THE PROBLEM
Could the data below please be reproduced word for word, without the pictures?

[STORED DATA — start]

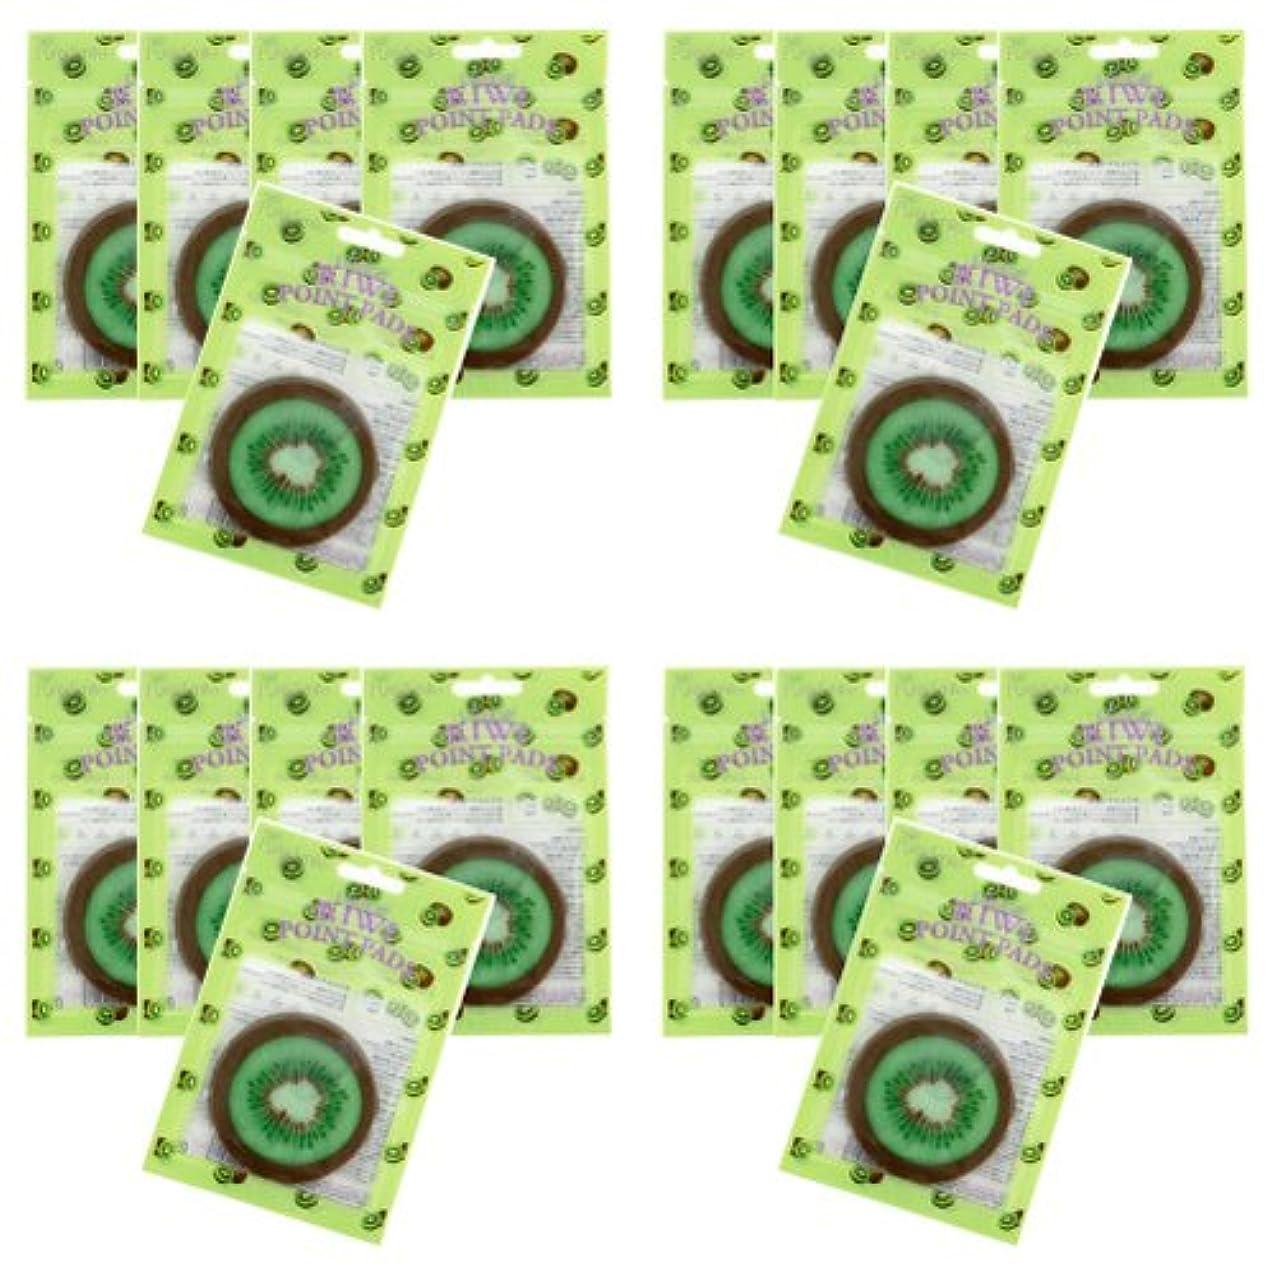 違法帰するランタンピュアスマイル ジューシーポイントパッド キウィ20パックセット(1パック10枚入 合計200枚)
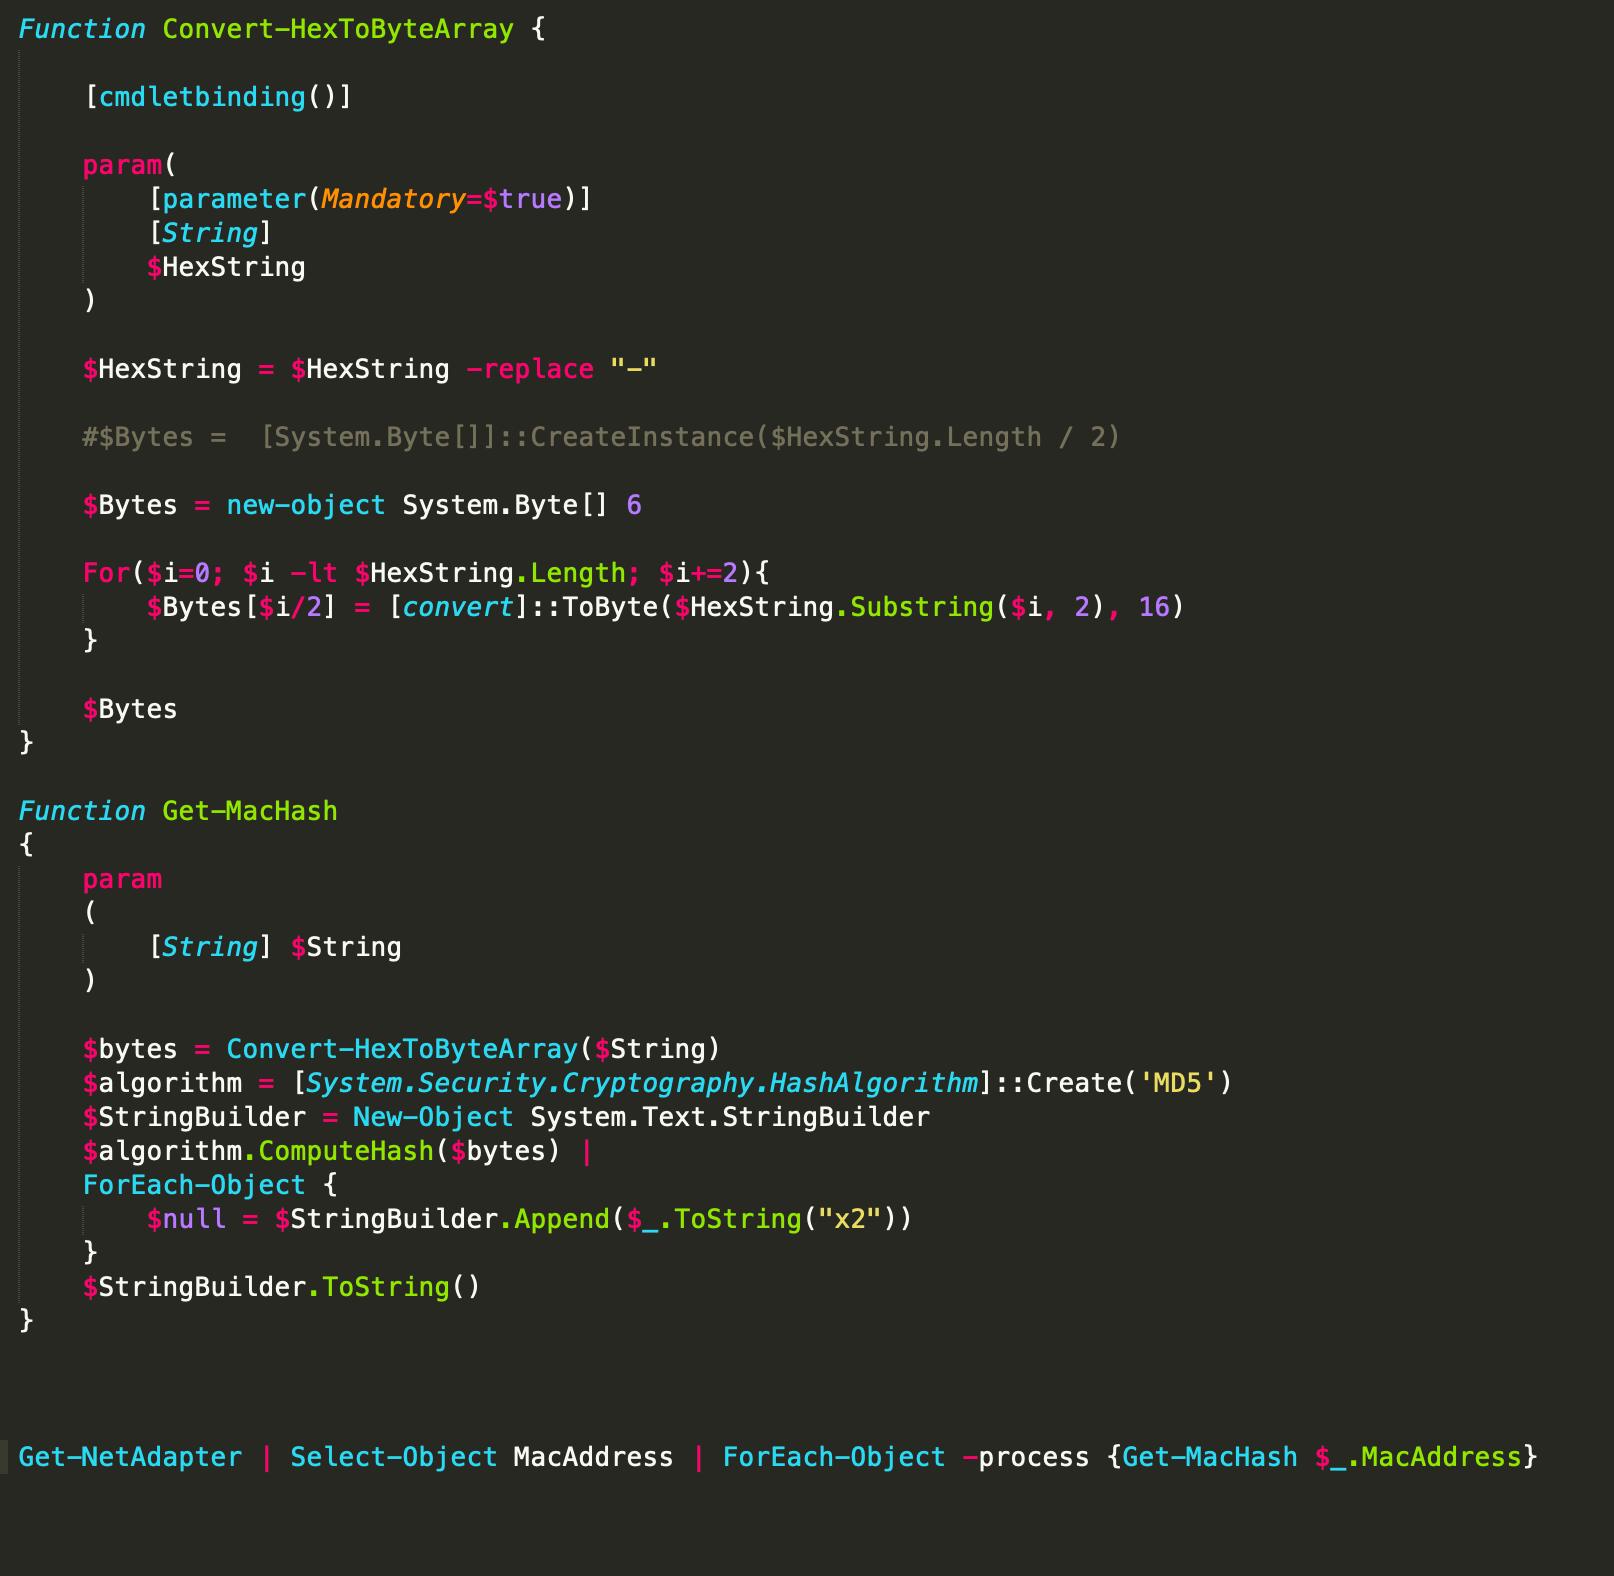 infoguard-blog-shadow-hammer-mac-adressen-hash-list
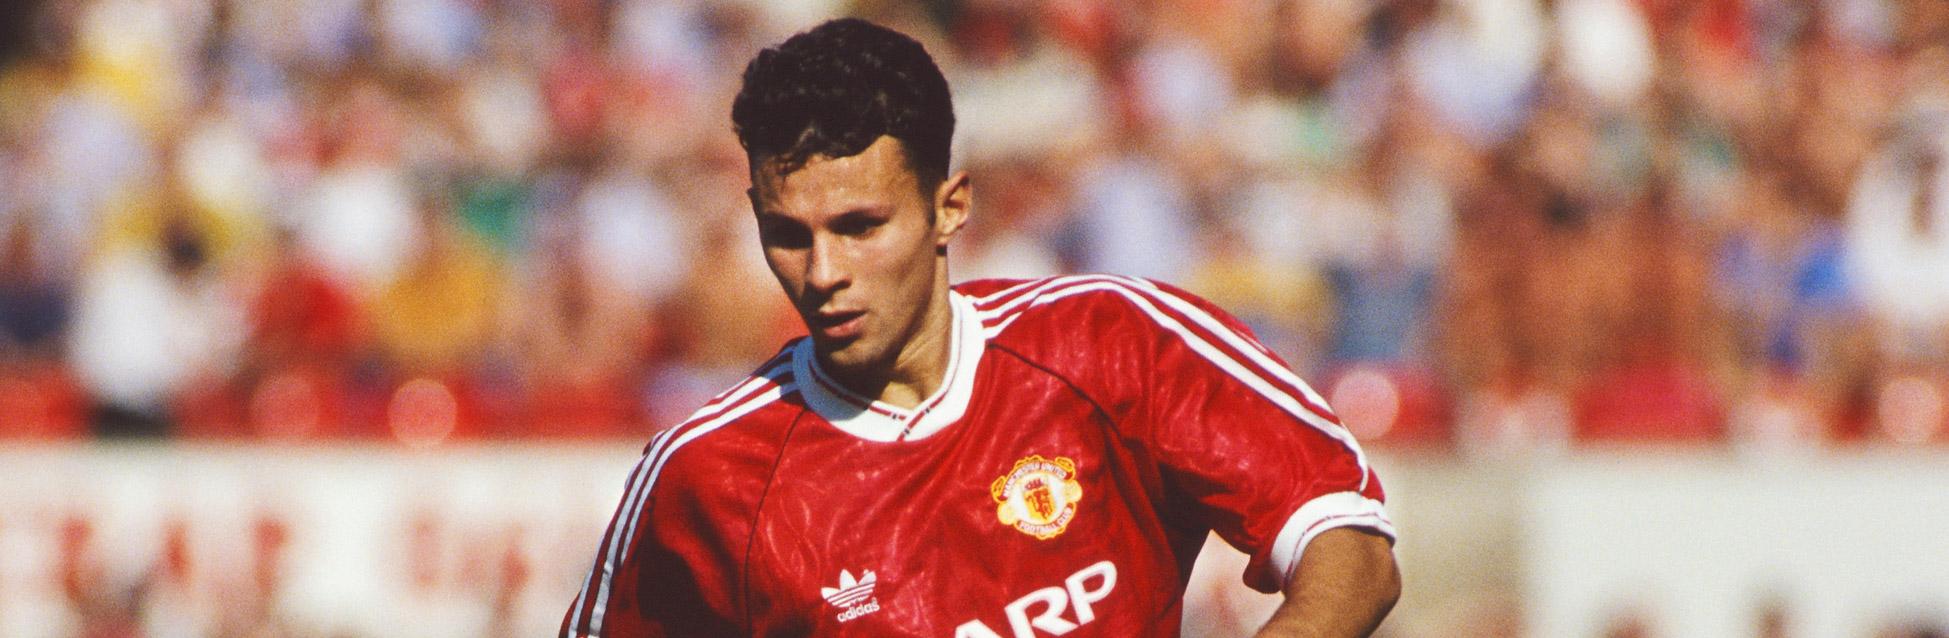 Ryan Giggs en sus inicios con el Manchester United
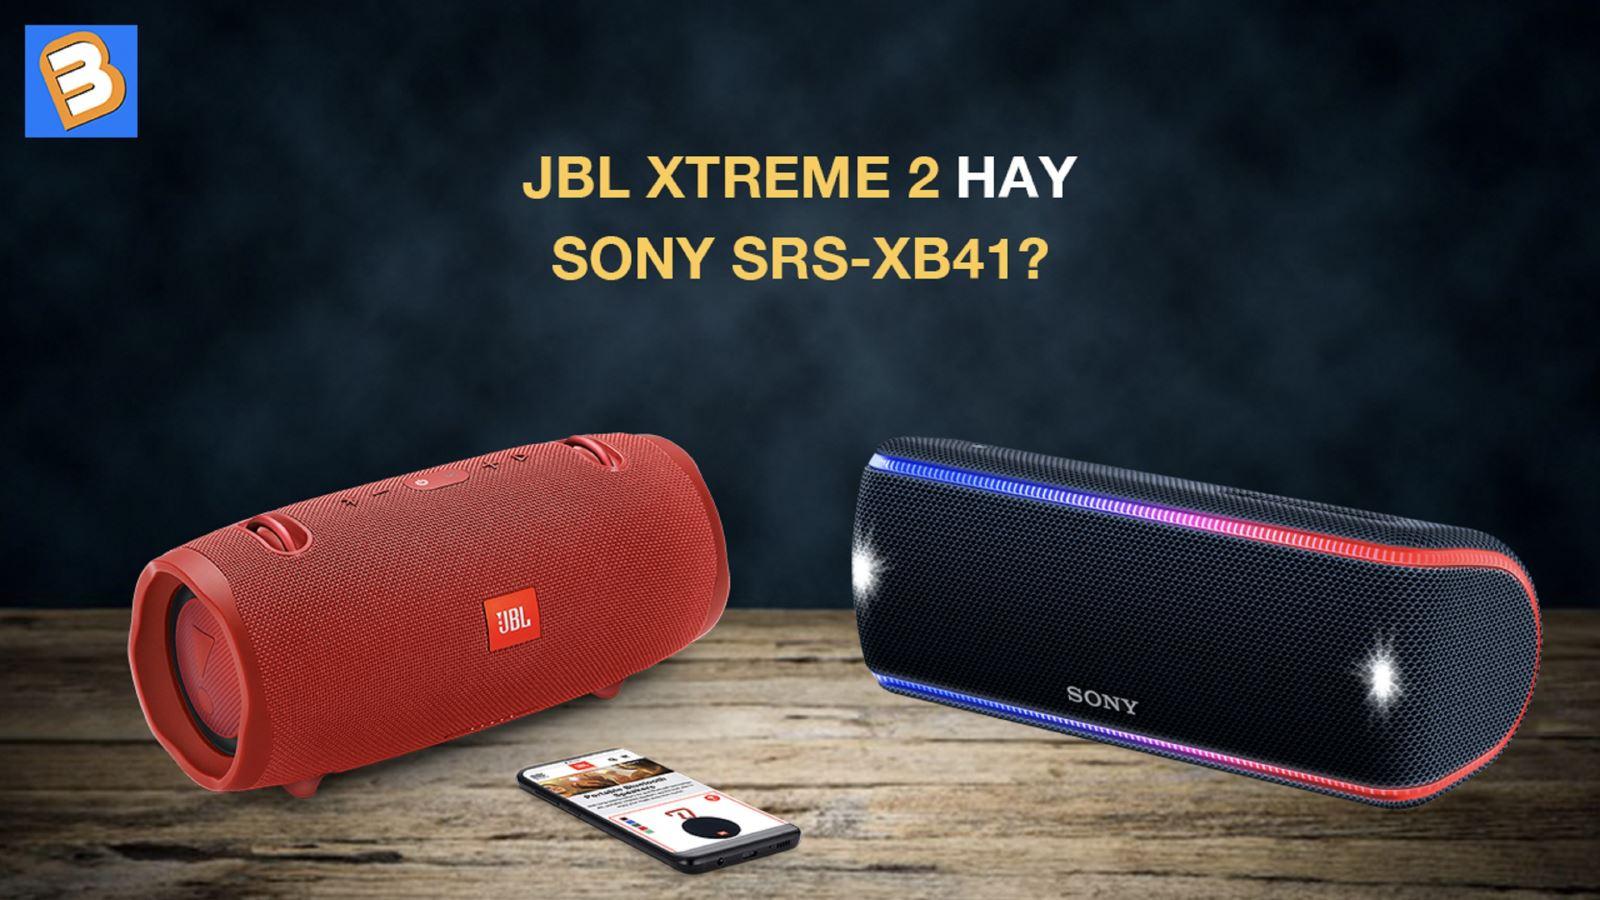 Lựa chọnJBL Xtreme 2 haySony SRS-XB41?

[STORED DATA — finish]

ANSWER BOX
 違法帰するランタンピュアスマイル ジューシーポイントパッド キウィ20パックセット(1パック10枚入 合計200枚)
 infoguard-blog-shadow-hammer-mac-adressen-hash-list
 Ryan Giggs en sus inicios con el Manchester United
 Lựa chọnJBL Xtreme 2 haySony SRS-XB41?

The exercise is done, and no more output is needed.